Die Einreise aus Österreich ist demnach nur mit negativem PCR- oder TMA-Test möglich. Die Testung darf maximal 72 Stunden zurückliegen! Ein Antigen-Test ist nicht ausreichend! Das Testergebnis kann auf Englisch, Deutsch, Französisch oder Spanisch vorgelegt werden. Kann man bei der Einreisekontrolle keinen negativen Test vorweisen, drohen Strafen bis zu einer Höhe von EUR 60.000. 

Weiters ist zu beachten:

  • Für auf dem Luftweg Anreisende ist zusätzlich eine elektronische Registrierung verpflichtend (siehe Link zum Formular: Spain Travel Health)  Die Registrierung ist ab 48 Stunden vor Anreise möglich.
  • Auf die Kanarischen Inseln Reisende müssen außerdem die spanische COVID-19-Kontaktverfolgungs-App herunterladen und während ihres Aufenthalts auf den Inseln sowie für weitere 15 Tage nach ihrer Rückkehr an ihren Wohnort aktiviert lassen.
  • Bei Reisen in die Autonome Region Galizien gilt derzeit die Regelung, dass Reisende und Fernfahrer, die sich in den letzten 14 Tagen vor ihrer Einreise nach Galizien in Andalusien, Aragonien, Asturien, dem Baskenland, Kastilien-León, Valencia, Madrid, Ceuta und Melilla sowie in einer Reihe von anderen europäischen Ländern, u.a. Frankreich und Portugal (ausgenommen Österreich), aufgehalten haben, sich binnen 24 Stunden bei der regionalen Gesundheitsbehörde melden und ihre Kontaktdaten bekannt geben müssen. Dies kann online über die Webseite oder telefonisch unter der Nummer 881 00 20 21 erfolgen. Ausgenommen sind reine Transitreisen.

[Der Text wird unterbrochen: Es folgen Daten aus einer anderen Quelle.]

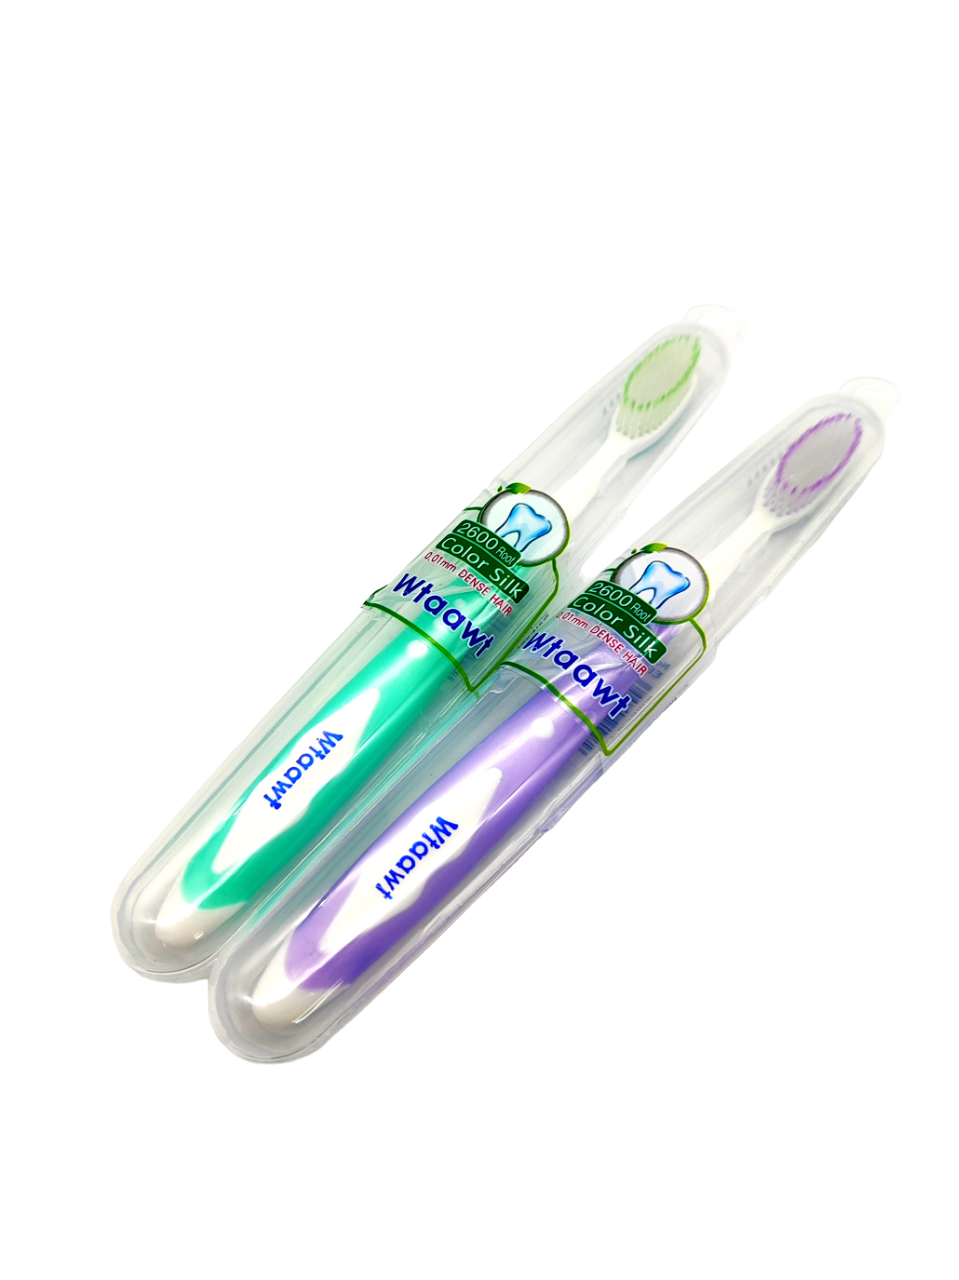 Комплект зубных щеток Wtaawt в футляре Цвет зеленый-фиолетовый 2 шт. комплект журнальных столов modesta зеленый мрамор титан

Bis vorerst 16. März 2021 ist die Grenze zwischen Portugal und Spanien für Reisen am Landweg geschlossen. Die Einreise aus Portugal ist nur an bestimmten Grenzübergängen und nur für spanische Staatsbürger, Personen mit Wohnsitz in Spanien oder EU- und Schengenbürgerinnen und –bürger für die Rückkehr an ihren Wohnort, für Grenzgänger, Gesundheitspersonal und für Warentransporte möglich. Es werden Grenzkontrollen durchgeführt. Über die geöffneten Grenzübergänge informiert Sie bei Bedarf das AußenwirtschaftsCenter Madrid.

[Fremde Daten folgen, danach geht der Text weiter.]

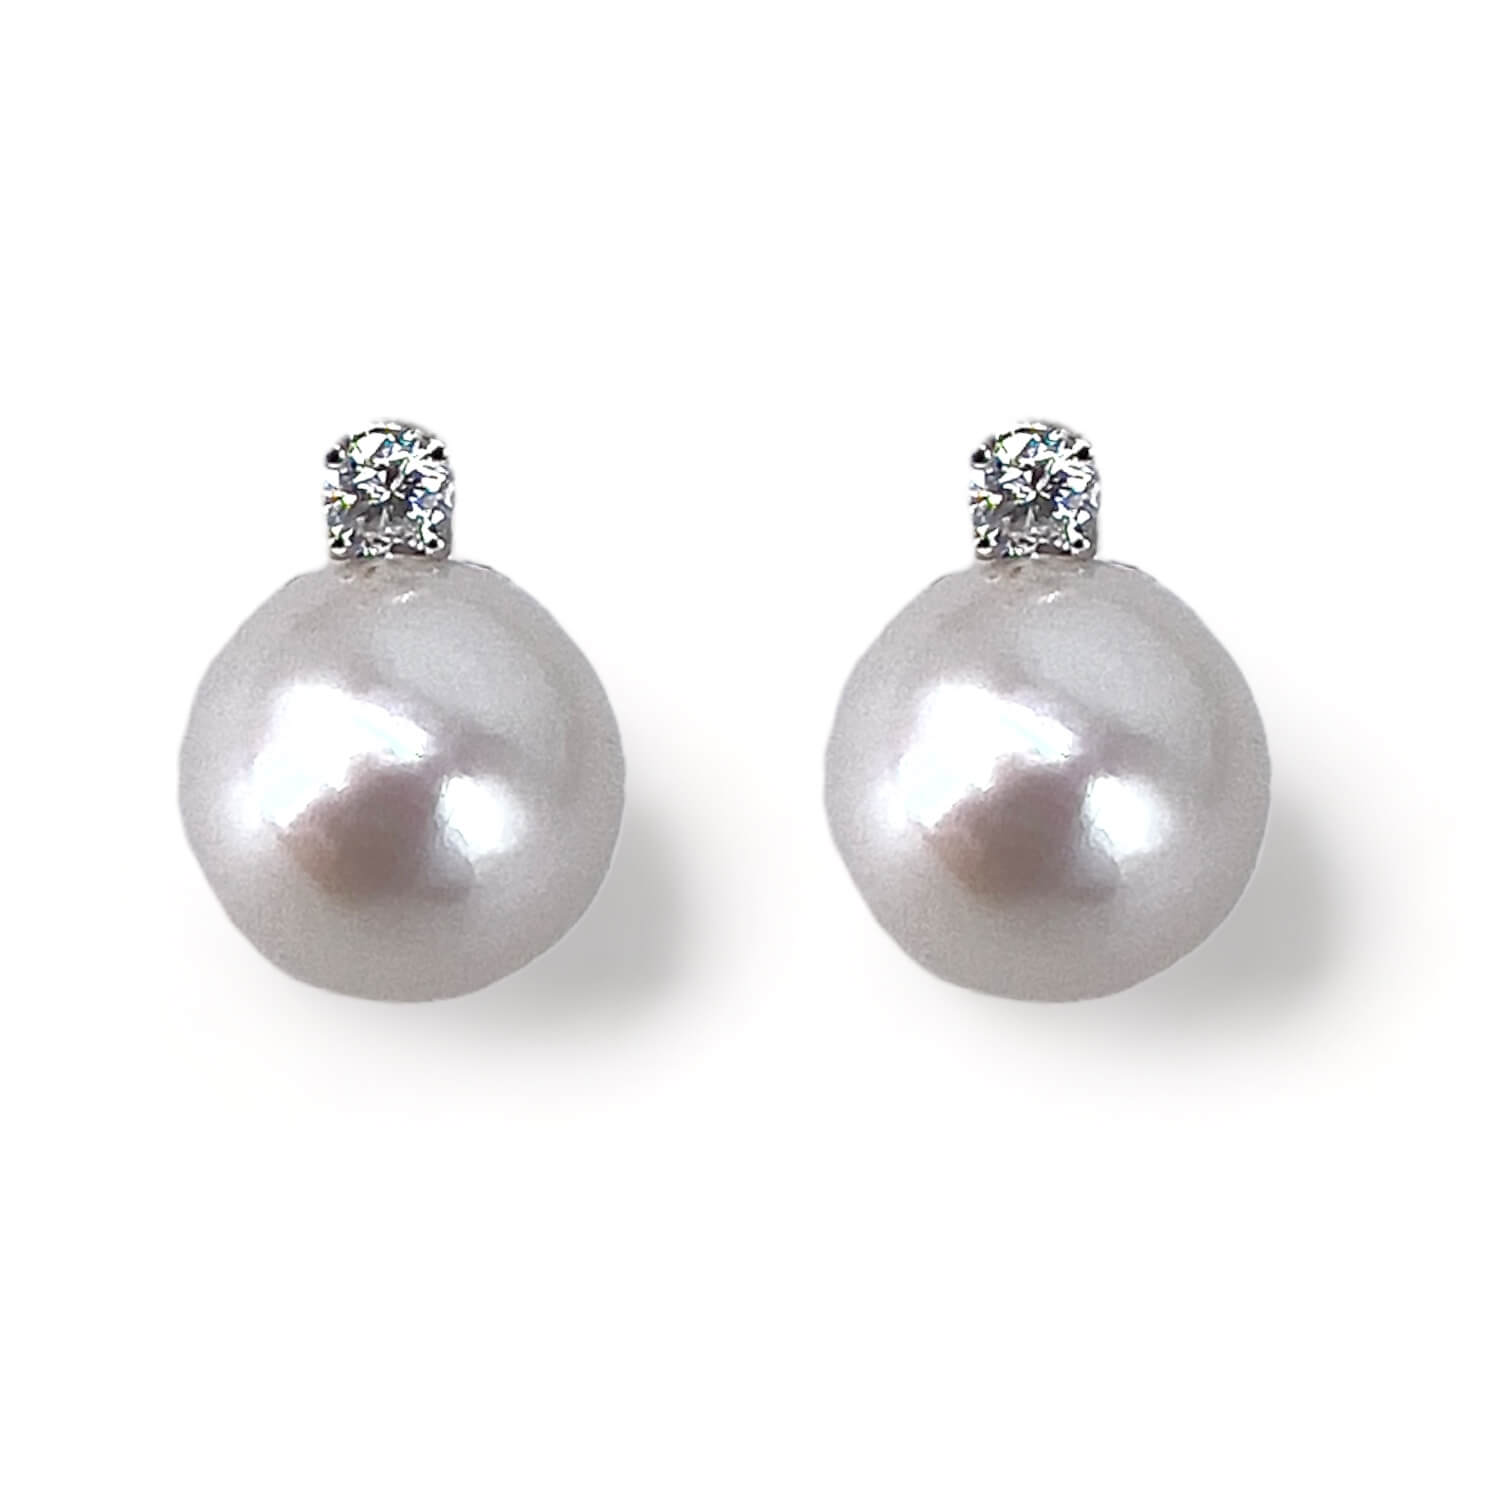 White gold Japanese pearl earrings Art.ORP279-4

Bis 16. März 2021 gilt ein Verbot für Direktflüge und Passagierschiffe aus dem Vereinigten Königreich, es sei denn, es werden ausschließlich spanische Staatsangehörige oder Personen mit Wohnsitz in Spanien oder Andorra transportiert. Dasselbe gilt für Flüge aus Brasilien und Südafrika, wobei in diesen Fällen die transportierten Personen außerdem eine verpflichtende zehntägige Quarantäne antreten müssen. Ab dem siebten Tag ist ein Freitesten mittels PCR, TMA oder vergleichbarem Antigentest möglich. In ein Nicht-Schengen-Land Reisende im Transit dürfen befördert werden, wenn deren Aufenthalt in Spanien weniger als 24 Stunden beträgt und sie die Transitzone des Flughafens nicht verlassen.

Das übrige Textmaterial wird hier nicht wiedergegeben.